И вдруг, оказывается совсем неожиданно, дернулся, грохнул его карабин. Мамонт успел увидеть стоящего моряка, он обеими руками будто цеплялся за воздух, и сразу по ушам ударила бешенная пальба. Только что, почти сейчас, он видел живое бледное лицо, выражение голого ужаса на нем. С нереальной отчетливостью сноп грубого металла ударил в тело. Песчаный холм на несколько секунд будто вскипел. Оказалось, что Тамайа тоже стрелял сверху. Ярко-красная кровь плавно тускнела от пыли.
Внезапно все смолкло.

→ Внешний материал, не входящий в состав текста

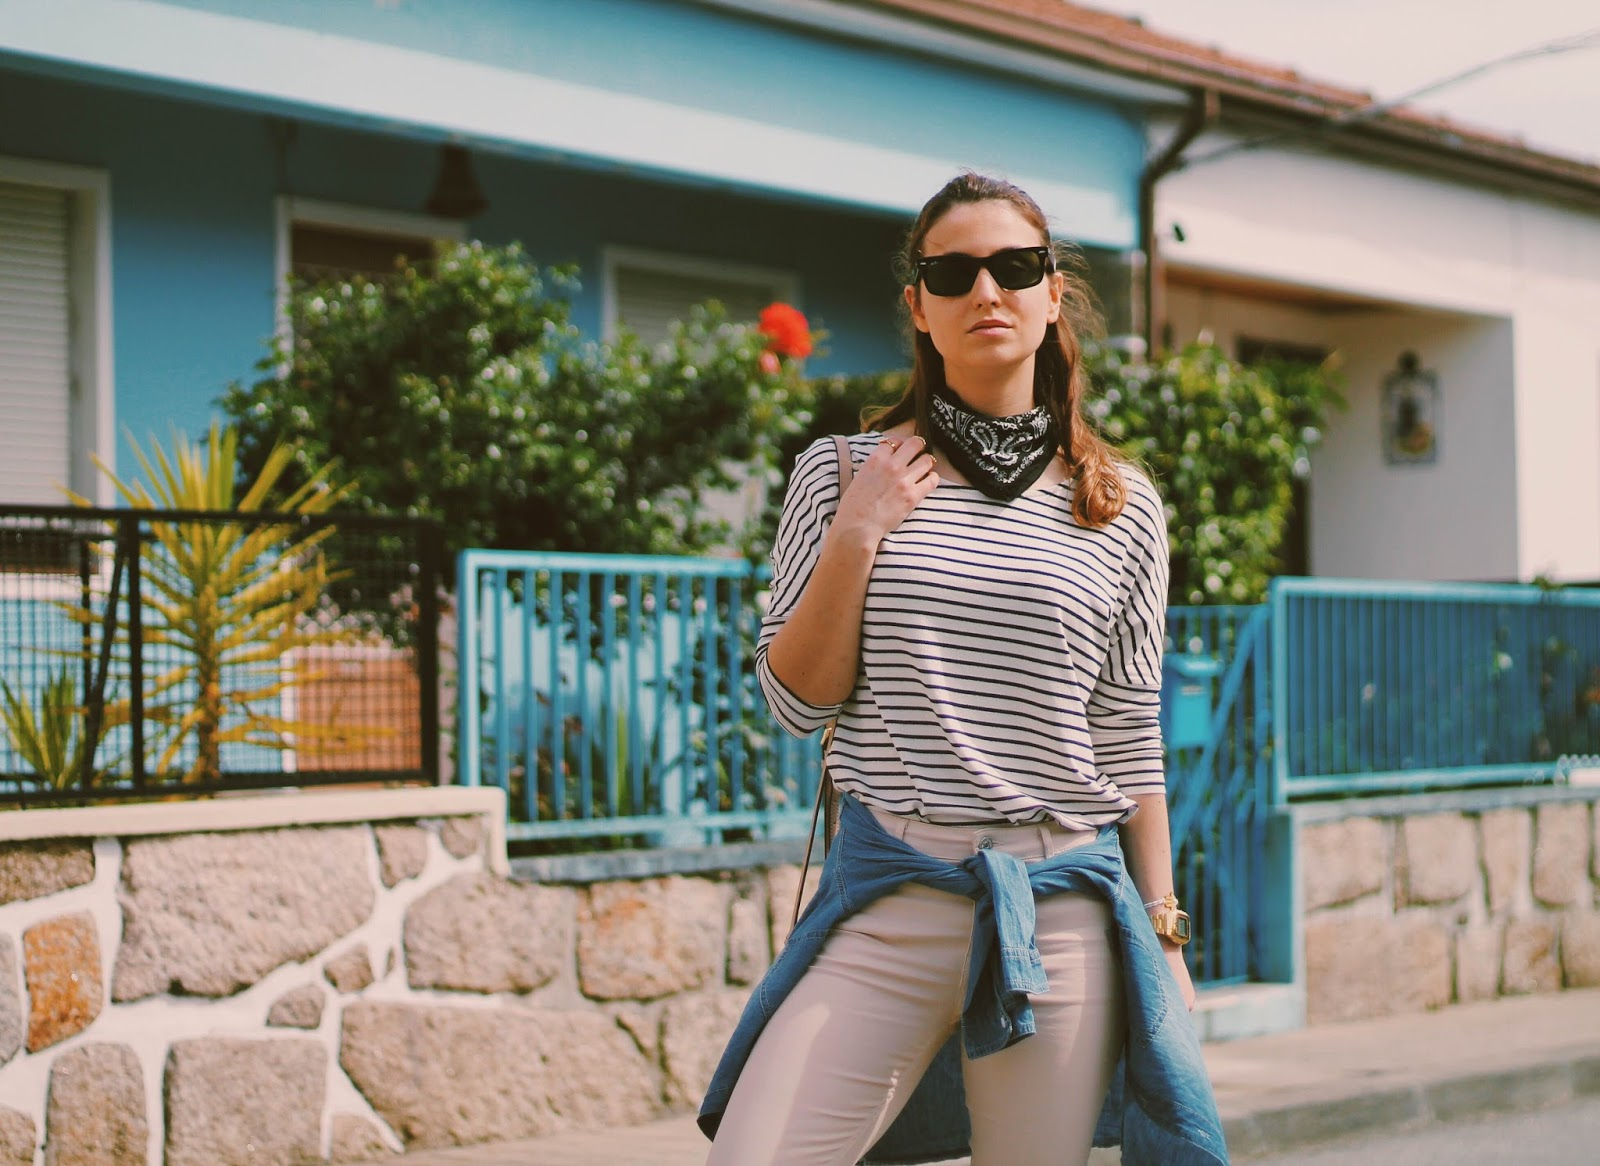 7160953b426b striped beige and black shirt: Pimkie | beige coated jeans: Mango | denim  shirt: c/o SheIn blush bag: Michael Kors Selma Mini messenger (similar  here) ...

Сквозь заложенные, будто ватой, уши Мамонт слышал только невнятное бормотание, лежащего рядом, Пенелопа.
— …Ага, лопнул, как клоп!.. Посторонним вход воспрещен, так вот… — стал, наконец, различать он.
— Все, составляй акт о списании, — громко крикнул Кент.
Гулко шлепнулась о стену пуля и сразу, густо, как дождь, застучало о бревна. Еще одна пуля, залетевшая в щель, жутко заметалась внутри. Прижавшись щекой к земле и глядя между бревен, Мамонт смотрел на мертвеца, в лицо с перекошенным разинутым ртом, будто тот перед смертью не успел закричать. Пыль и песок, лежащие на человеческим лице, как на уже неодушевленном предмете, делали его особо неживым.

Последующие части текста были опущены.